Smoking lady started smiling in that raging psychotic nutjob sort of way, accentuated by tell-tale crazed serial killer eye rolls. And, it seemed, I had her undivided attention. She took a long pull on her cigarette and threw it down at her feet, still very much lit, in the poorly-ventilated train. Part of me knew, just knew, that nothing good was going to come of this. Call it want you want, mojo, intuition, experience, whatever, but I could just sense a bloggable event coming on.

As we approached the Schuman stop, I inched forward, gesturing for Joni and Jason to follow me, so that we would be ready to make a quick exit when the doors opened. Smoking Lady beat us to the punch. When the train stopped, Smoking Lady was in the middle of the train doorway, fidgeting with her skirt. I was trying to figure out the least intrusive way of reaching around her and pushing the little green button that would open the doors, when she hit the release button and solved my problems for me.

Since no one was waiting to board, I figured Smoking Lady would step off the train and head straight. My plan was to step off and make a quick right, hoping Joni and Jason would follow my lead.

Well, you know what they say about the plans of mice and men. Smoking Lady threw me a curve when she stepped straight off the train and then IMMEDIATELY hiked up her skirt and started using the bathroom! At this point, I am directly behind her, with one front on the metro and one foot on the platform, caught between the soon to be closing metro doors and her bare ass, trying not to stumble over her, or, worse, step into anything that came from her general direction.

Backing up was out of the question as I would have run into Joni, who would have run into Jason, who would rammed their baby into whoever was standing behind Jason. With the metro about to depart the station, I edged right and prayed that Joni and Jason would follow. If not, they were screwed, as they had never been in the metro before, did not have a cell phone on them, did not speak French or Flemish, and had no idea where we lived. Basically, your standard tourist nightmare if the guide decides to adopt a "you are on your own" mentality.

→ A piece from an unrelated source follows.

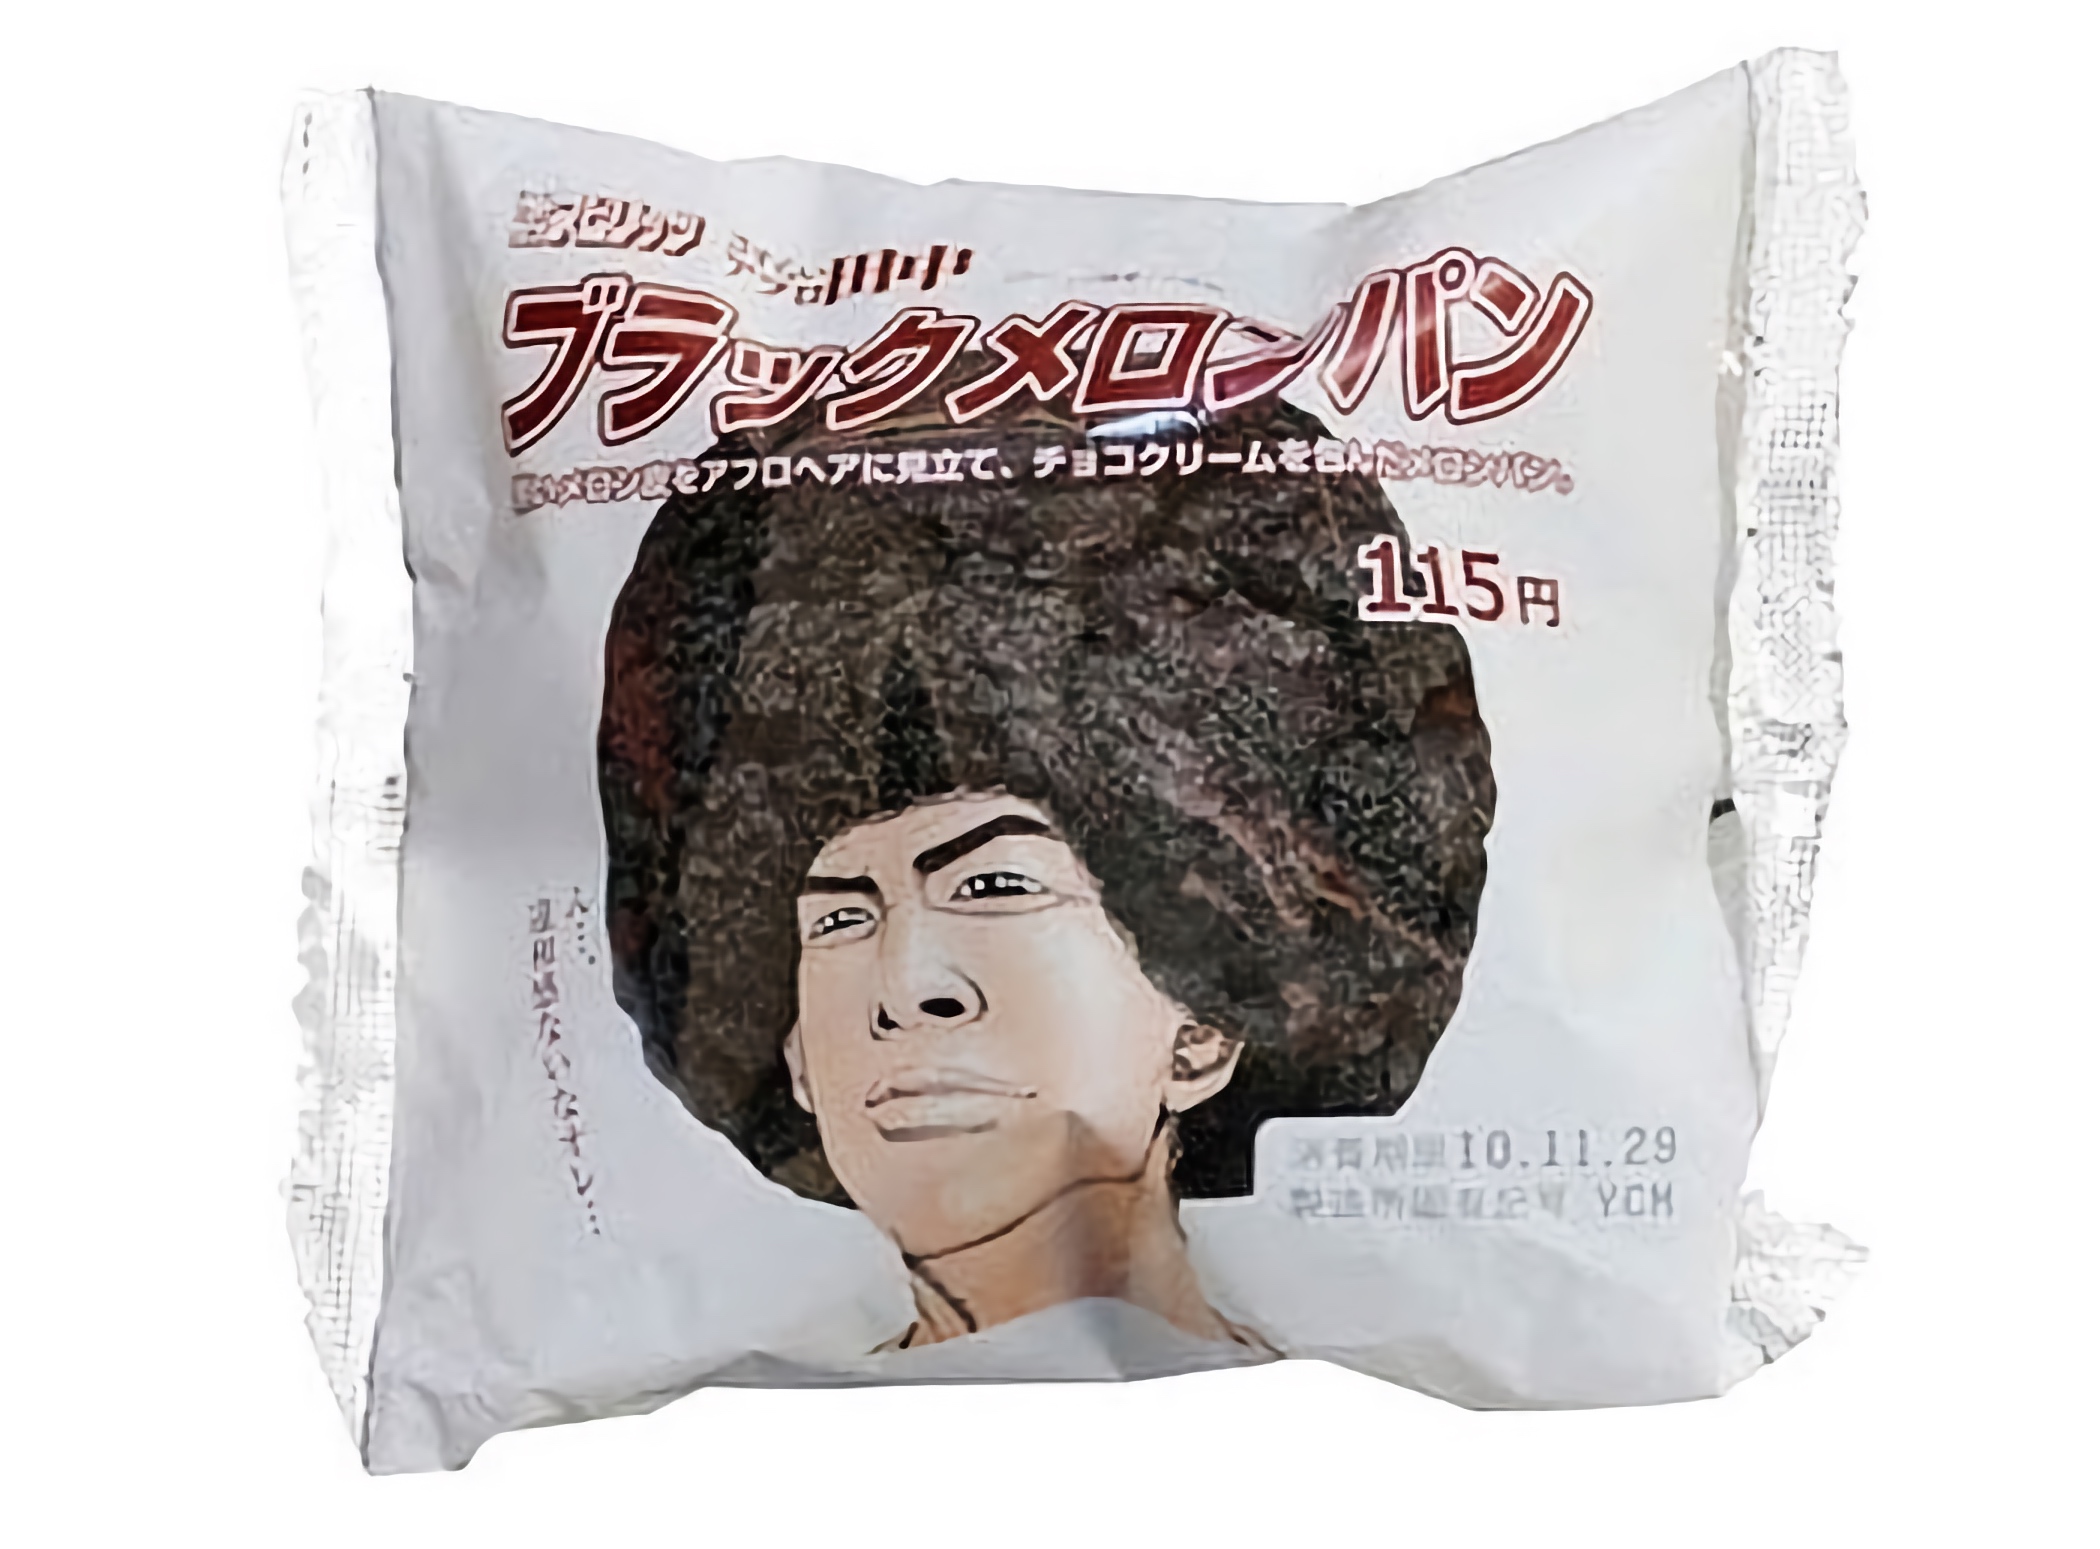 Afro Cookie Wrapper

Miraculously, we all made it off the train without the baby getting caught between the closing doors and without tumbling over Smoking Lady. Once we were clear of the Smoking Lady, Joni looked at me, kind of dazed, and said, "You know, I always thought you were exaggerating in your blog about crazy things that happen to you over here, but not anymore."


Blogger Di Mackey said...

You're back blogging!!! I should work out RSS feeds so that I don't have this panicked 'HOW MANY HAVE I MISSED!'

12:55 PM  
Anonymous Joni said...

You are a crazy person magnet!!!! No doubt!